Power vs distance graph
Explaining the distance graph is going to be similar to the previous graph. In this graph the initial spike of reversing the motors is not noticeable due to the recording only happening when movement is noticed. The small initial slope between 0 and 0.1 meters is when the motors are accelerating, this slope is much smaller than the time graph because the AEV does not move as much. Once the motors have reached the constant speed though the AEV is moving with a almost constant power usage line. From 0.1 to 0.3 meters the motors are both running at 25% power, then the speed is reduced to 20%. However, with the AEV already moving reducing the speed does not affect the distance as much as it would if it were going from a stand still.
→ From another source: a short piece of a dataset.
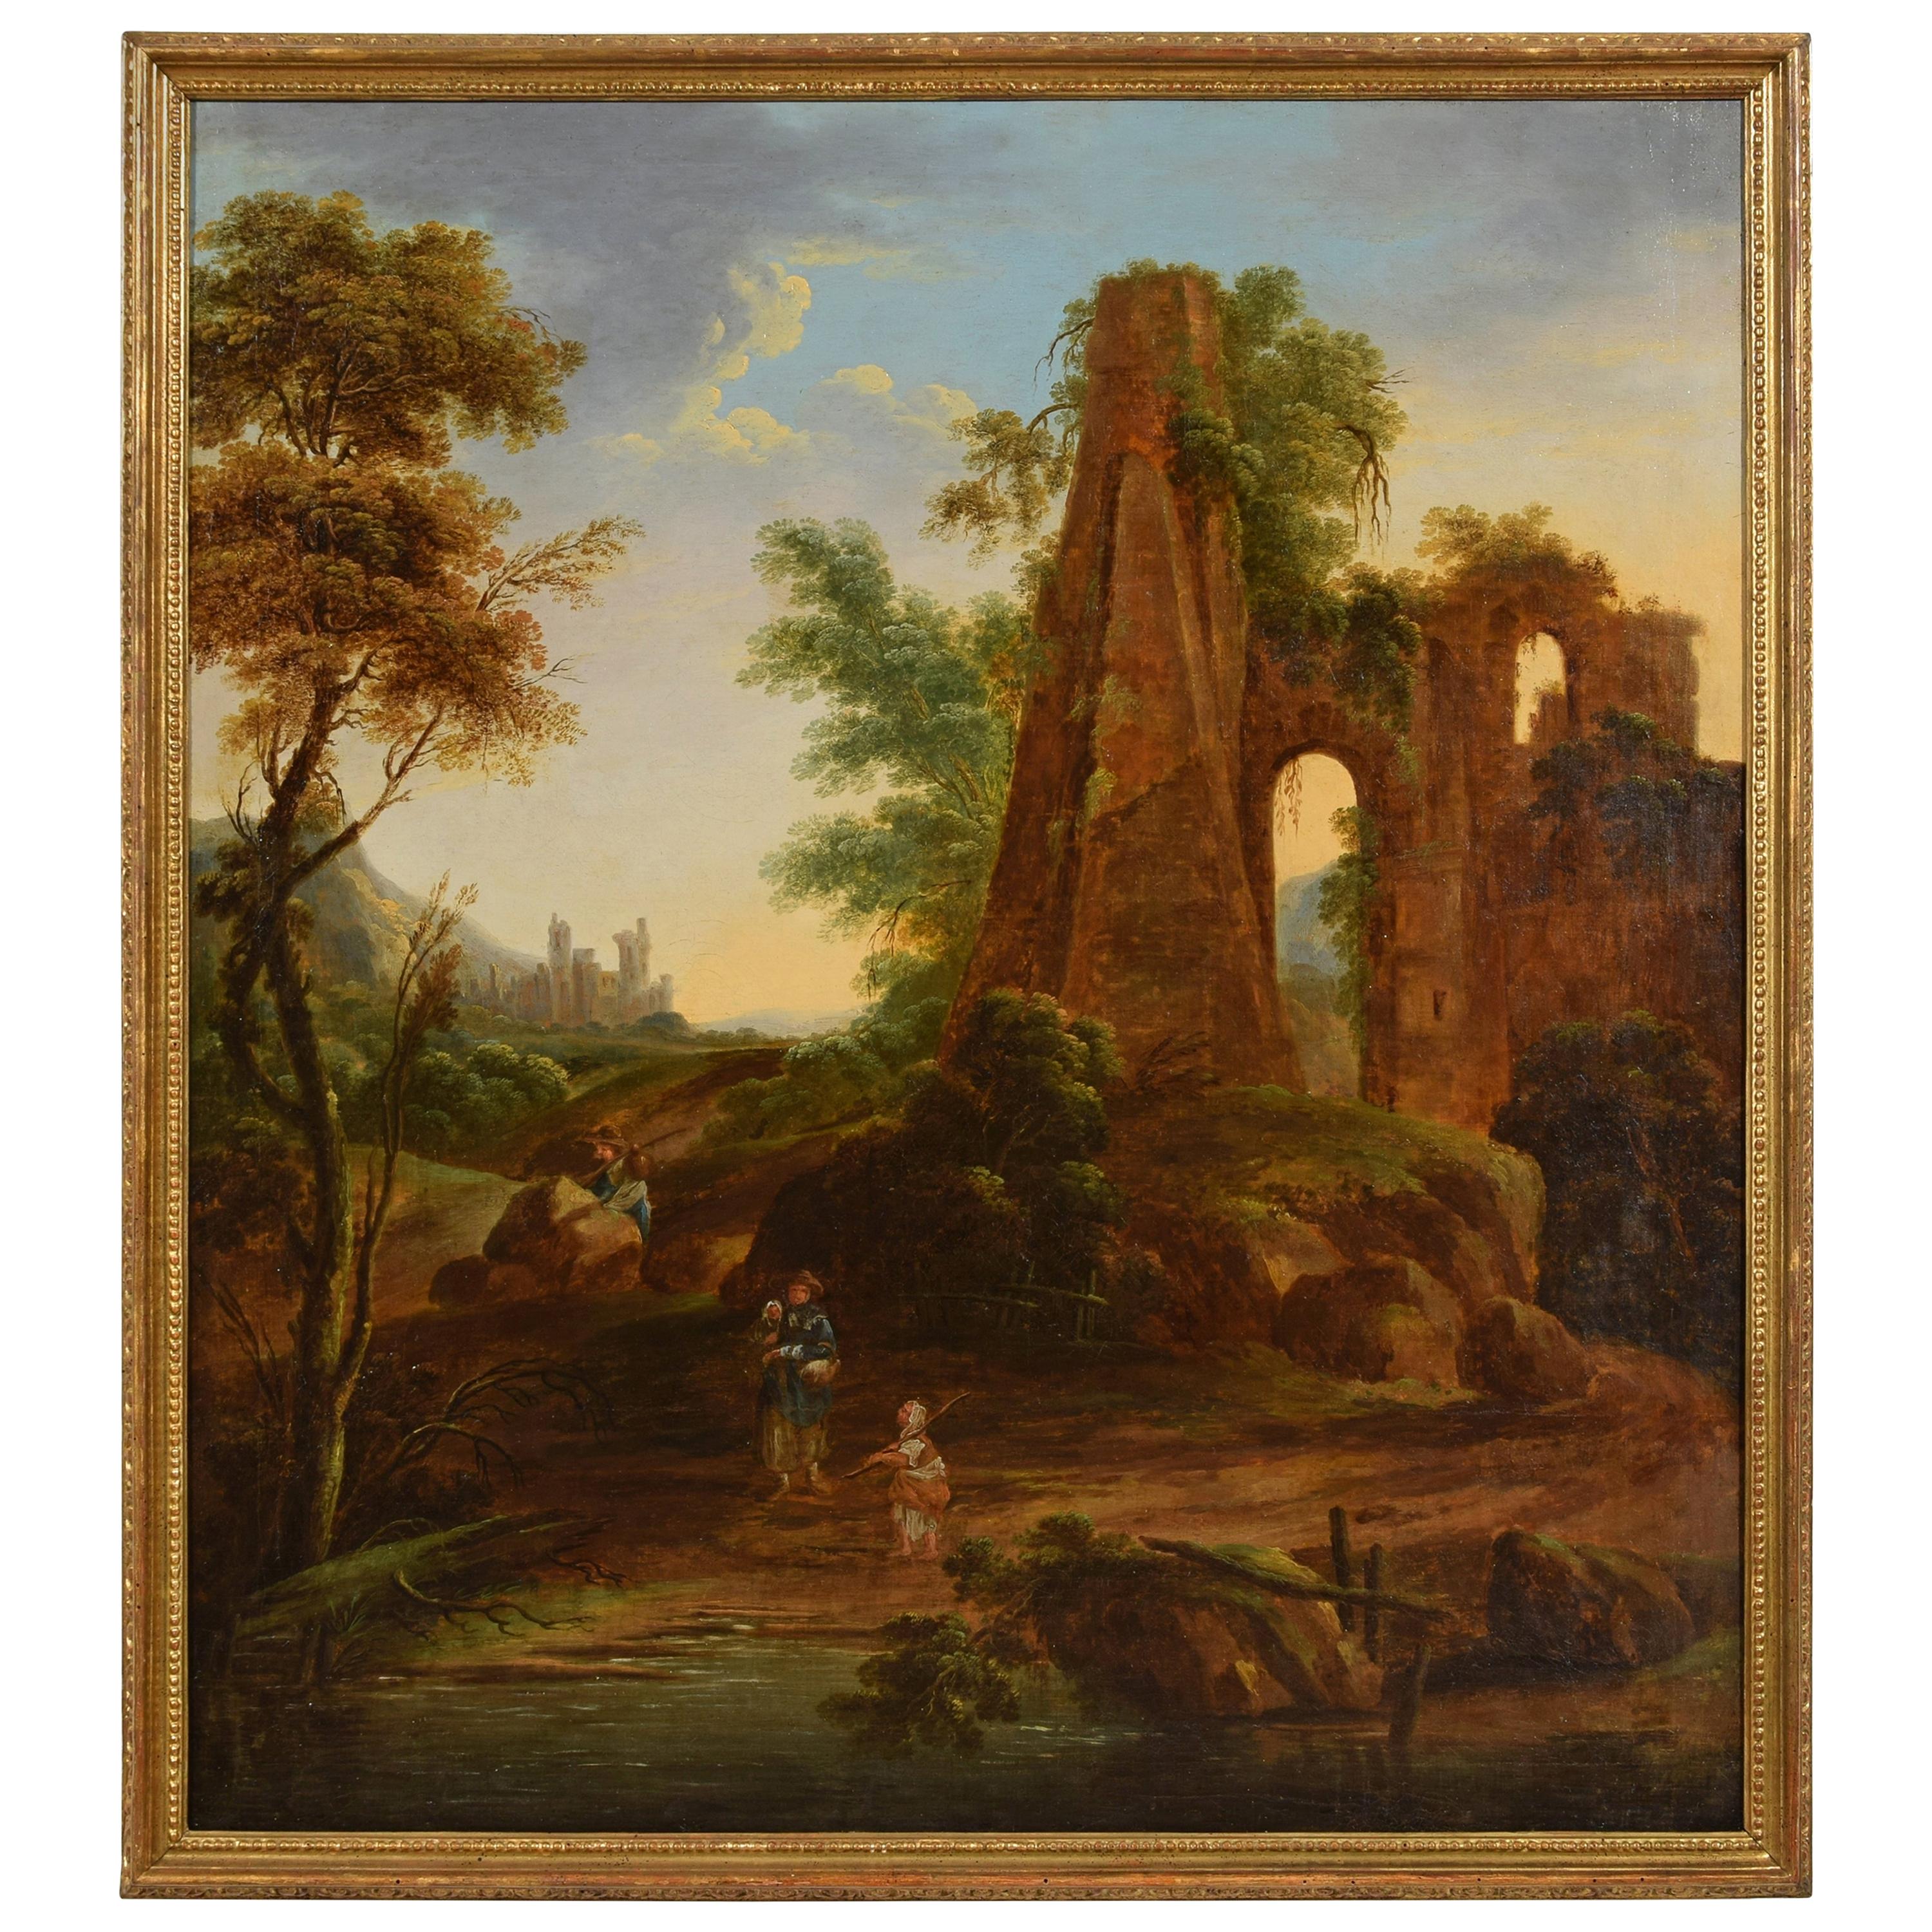 Italienisches Ölgemälde auf Leinwand mit Landschaft und Ruinen aus dem 18. Jahrhundert

Then the spike is from the motors reversing to slow down the vehicle. This graph shows how when slowing down the AEV the vehicle does not stop immediately though, with the vehicle still traveling from 1.3 to 1.8 meters. Then the motors are stopped completely with the vehicle at rest. This graph visually represents what is going on when the AEV is trying to slow down with the propellers and how slow it can be at doing so, this will be taken into consideration when making codes from that point on.
Code Used:
Refer here for information on command functions.
|
Code |
Explanation |
| reverse(4);
celerate(4,0,25,3); |
Reverse all motors so they are rotating the opposite direction, and then accelerate all motors from 0% to 25% in 3 seconds. |
| motorSpeed(4,25);
goFor(1); |
Run all the motors at 25% for one second. |
| motorSpeed(4,20);
goFor(2); |
After the one second run all the motors at 20% for two seconds. |
| reverse(4);
motorSpeed(4,25); goFor(2); |
Reverse all motors again to make sure the motors will slow down the AEV by pushing air the opposite direction. Run the motors at 25% for two seconds to make sure the AEV isn’t moving. |
| brake(4); | Turn off all motors. |